这里传递的是t5layerselfattention网络层之中传播的先前预测的内容(上一个网络结构同层的内容)，这也能理解为什么这里刚开始

self_attn_past_key_value = past_key_value[:2]
......
......
self_attention_outputs = self.layer[0](
	......
	past_key_value=self_attn_past_key_value,
	......
)

获得的

self_attn_past_key_value[0][0] = (1,8,1,64)
self_attn_past_key_value[0][1] = (1,8,1,64)
self_attn_past_key_value[0][2] = (1,8,11,64)
self_attn_past_key_value[0][3] = (1,8,11,64)

经过这一波数据输出之后，调用新的present_key_value_state

hidden_states,present_key_value_state = self_attention_outputs[:2]

这里的present_key_value_state的内容为

present_key_value_state[0] = 
torch.Size([1, 8, 1, 64])
present_key_value_state[1] = 
torch.Size([1, 8, 1, 64])

接下来经过decoder部分之后，调用新的present_key_value_state

cross_attention_outputs = self.layer[1](
    hidden_states,
    key_value_states=encoder_hidden_states,
    attention_mask=encoder_attention_mask,
    position_bias=encoder_decoder_position_bias,
    layer_head_mask=cross_attn_layer_head_mask,
    past_key_value=cross_attn_past_key_value,
    query_length=query_length,
    use_cache=use_cache,
    output_attentions=output_attentions,
)

获得的新的present_key_value_state的内容

# Combine self attn and cross attn key value states
if present_key_value_state is not None:
    present_key_value_state = present_key_value_state + cross_attention_outputs[1]

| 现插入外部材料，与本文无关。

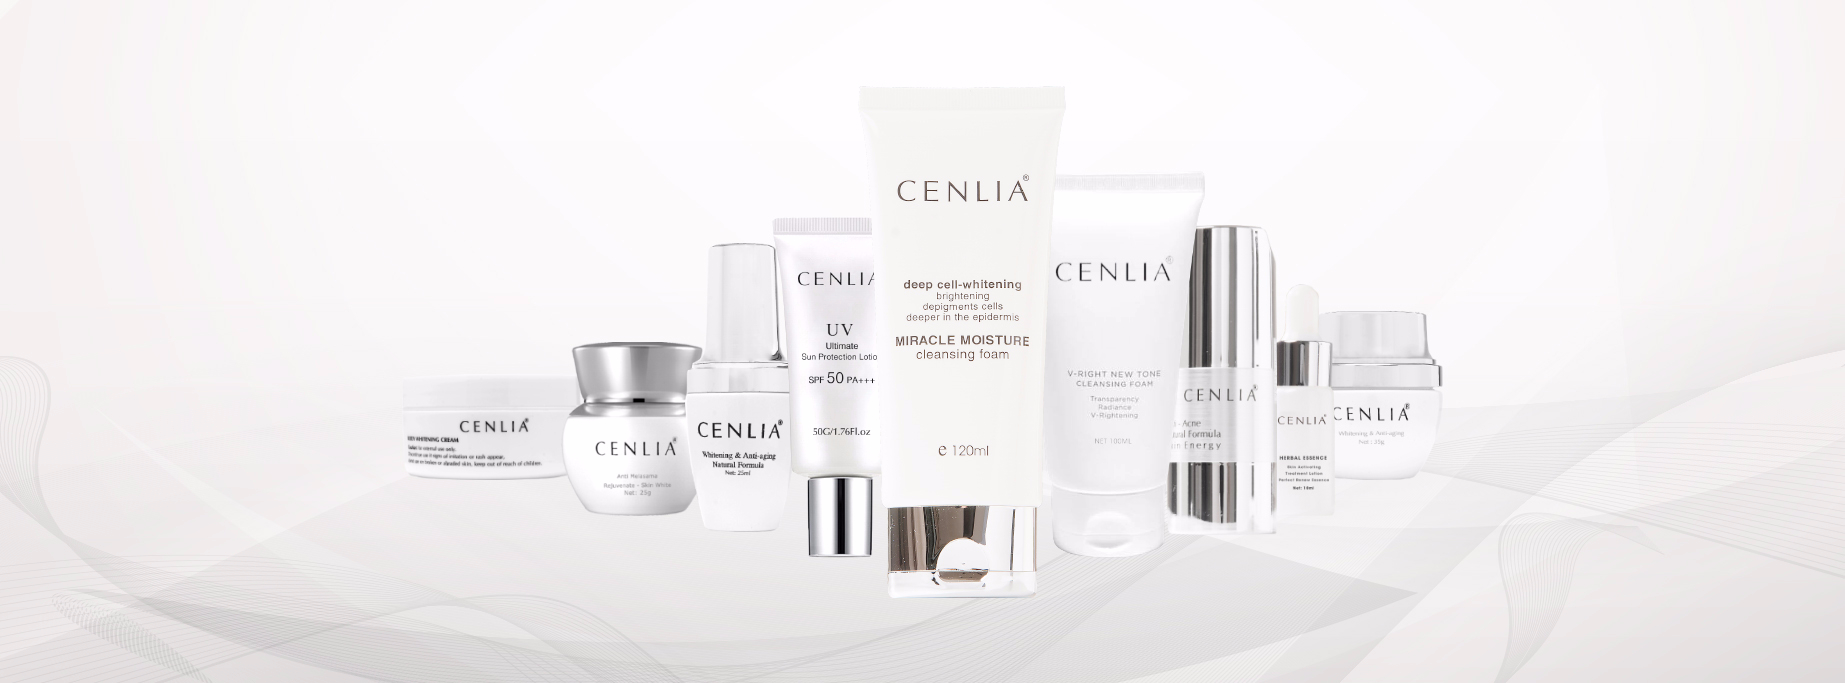 Những sản phẩm chính của thương hiệu CENLIA

获得新的present_key_value_state的内容为

present_key_value_state = 
torch.Size([1, 8, 1, 64])
torch.Size([1, 8, 1, 64])
torch.Size([1, 8, 11, 64])
torch.Size([1, 8, 11, 64])

另外两个位置的偏移参数也保存在后面

# Keep cross-attention outputs and relative position weights
attention_outputs = attention_outputs + cross_attention_outputs[2:]

获得的位置偏移的内容为

attention_outputs = 
torch.Size([1, 8, 1, 1])
torch.Size([1, 8, 1, 11])

t5layerselfattention的解读

t5block之中有两种模式，一种是t5layerselfattention的解读，一种是t5layerselfattention+t5layercrossattention网络结构的解读，这里我们解读t5layerselfattention
这里注入的past_key_value的内容应该为

None或者
(1,8,1,64)
(1,8,1,64)

t5layerselfattention+t5layercrossattention中t5layerselfattention代码解读

t5block之中有两种模式，一种是t5layerselfattention的解读，一种是t5layerselfattention+t5layercrossattention网络结构的解读，这里我们解读t5layerselfattention+t5layercrossattention网络结构中t5layerselfattention的代码内容
t5layerselfattention直接进入t5attention的内容之中

t5attention的第一次运行

第一次运行的时候

batch_size = 1,seq_length = 11,key_length = 11

然后我们进入调用的过程

query_states = shape(self.q(hidden_states))

得到

query_states = (1,8,1,64)

(这里的query_states的内容其实是固定的)
接下来进入对于key_states和value_states的操作之中

key_states = project(
    hidden_states, self.k, key_value_states, past_key_value[0] if past_key_value is not None else None
)
value_states = project(
    hidden_states, self.v, key_value_states, past_key_value[1] if past_key_value is not None else None
)

进入project函数之中去查看内容

def project(hidden_states, proj_layer, key_value_states, past_key_value):
    """projects hidden states correctly to key/query states"""
    if key_value_states is None:
        # self-attn
        # (batch_size, n_heads, seq_length, dim_per_head)
        hidden_states = shape(proj_layer(hidden_states))
    elif past_key_value is None:
        # cross-attn
        # (batch_size, n_heads, seq_length, dim_per_head)
        hidden_states = shape(proj_layer(key_value_states))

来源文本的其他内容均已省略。